Implement Incrementally

Start with simple agent interactions and add coordination complexity as needed.

Test System Behavior

Test not just individual agents but their interactions and coordination patterns.

Monitor and Adapt

Use background tasks and metadata to monitor system behavior and adapt coordination over time.

Common System Architectures the Framework Enables

Coordinator-Based Systems

Master agents coordinate specialists using function calling and intelligent delegation.

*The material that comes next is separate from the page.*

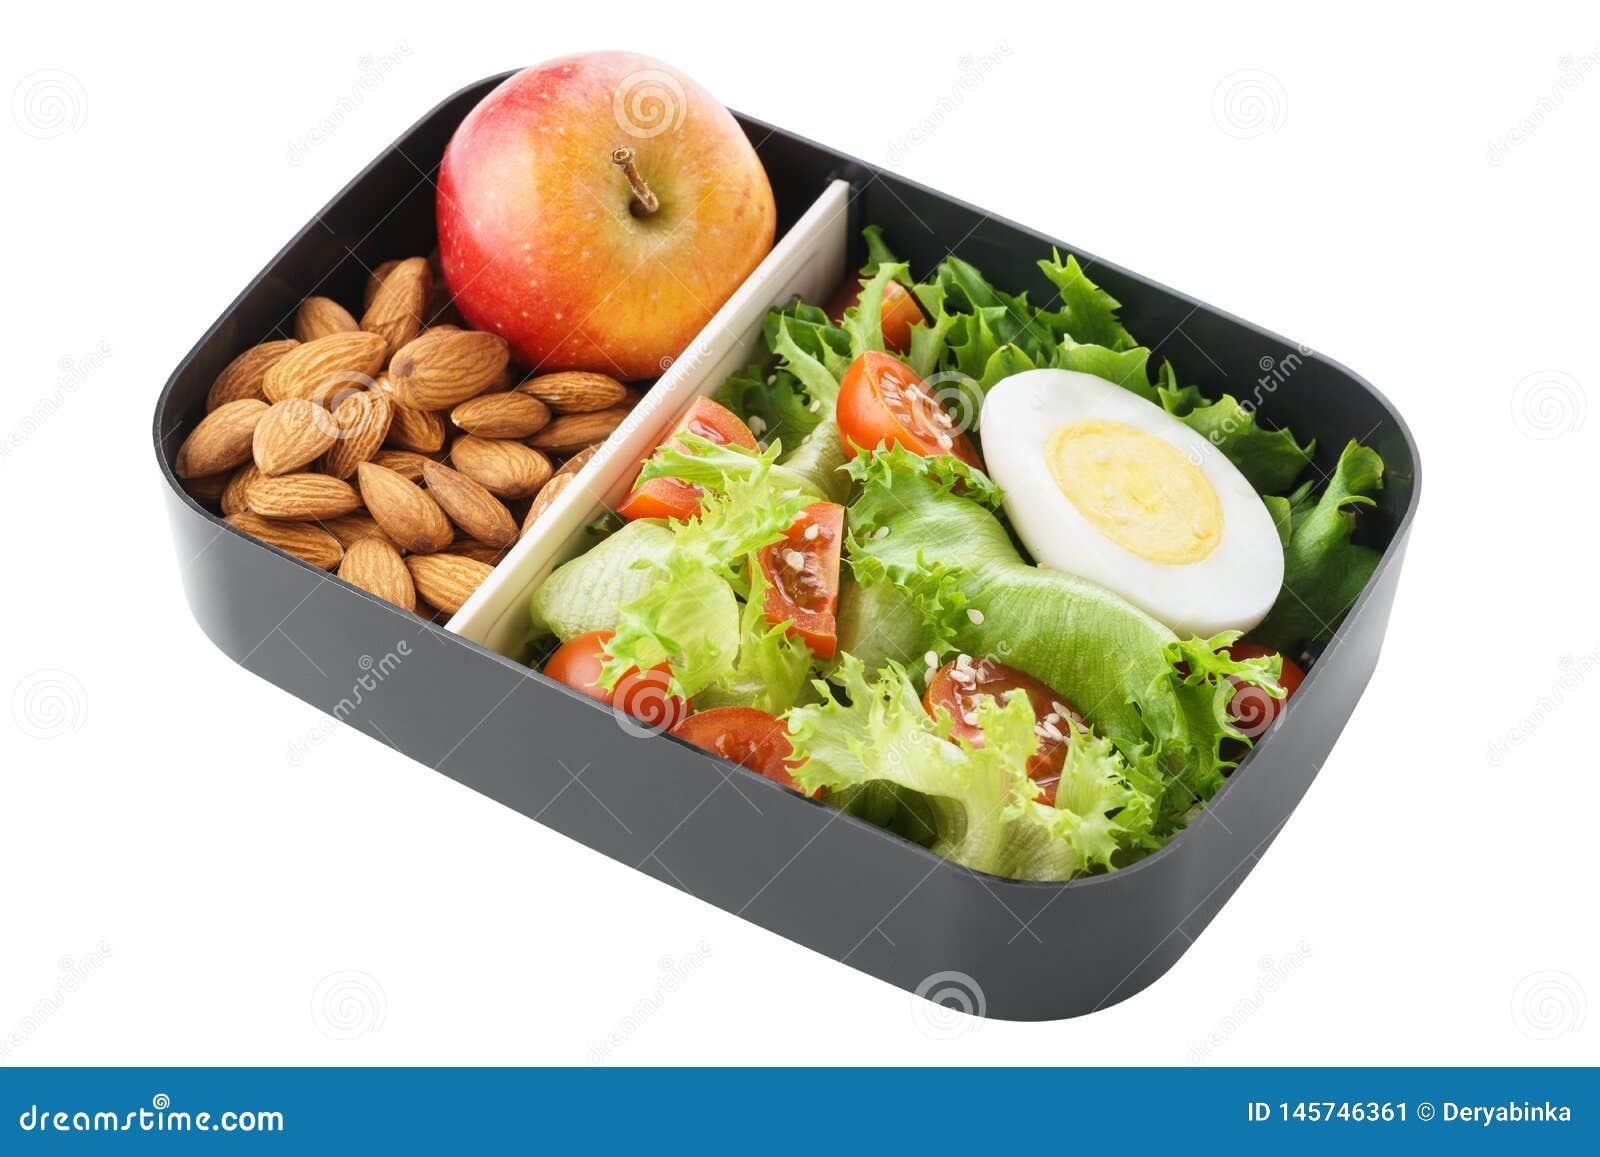 Scatola di pranzo vegetariana sana con insalata, i dadi e la mela isolato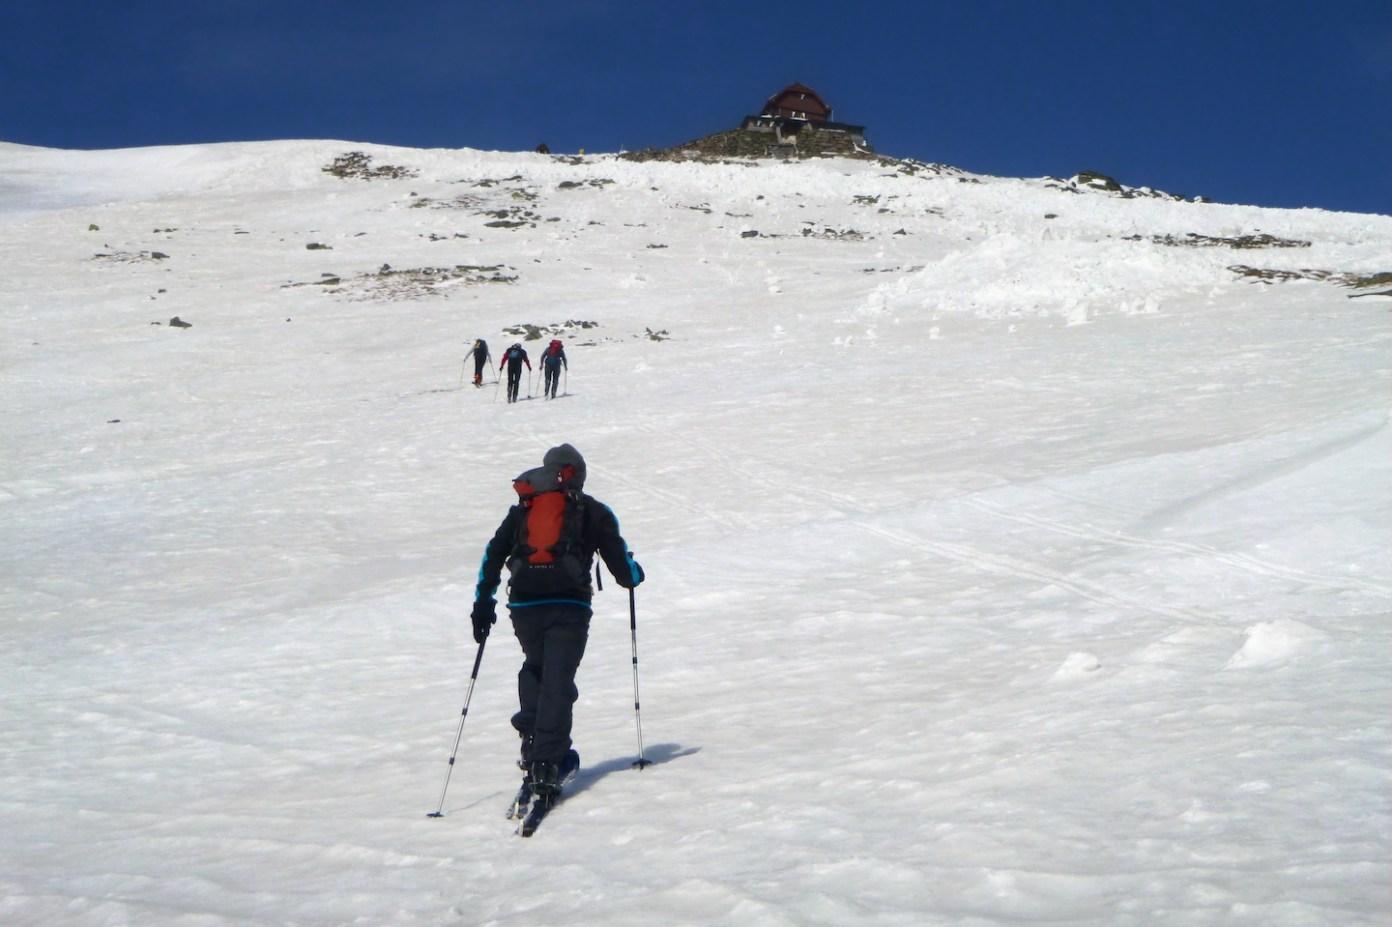 Chata pod vrcholem kopce je na dosah. Idylický záběr, když z obrazovky počítače do obličeje nefuní nechutný severák jako ve skutečnosti.

Sequential Processing Systems

Step-by-step processing enabled by flexible input/output types and standardized interfaces.

Peer-to-Peer Systems

Agents communicate directly using method calls and shared context.

Hierarchical Systems

Multi-level coordination using nested function calling and context propagation.

Event-Driven Systems

System-wide coordination using background tasks and event notification.

Adaptive Systems

Dynamic behavior using metadata-driven agent selection and configuration.

Key Framework Principles

You Control the Architecture

The framework provides capabilities; you decide how to use them for your specific agentic system.

Composition Over Prescription

Build complex systems by composing simple agents rather than following rigid architectural patterns.

Intelligence-Driven Coordination

Leverage LLM function calling for adaptive, context-aware coordination rather than fixed rules.

Progressive Complexity

Start with simple agent interactions and add sophisticated coordination as your system evolves.

Observable and Maintainable

Built-in hooks for monitoring, logging, and debugging complex multi-agent interactions.

The framework doesn’t prescribe specific agentic architectures but provides the foundational capabilities that make any architecture possible. Your system’s design emerges from your specific needs and the intelligent coordination enabled by the framework’s LLM-driven function calling and background task systems.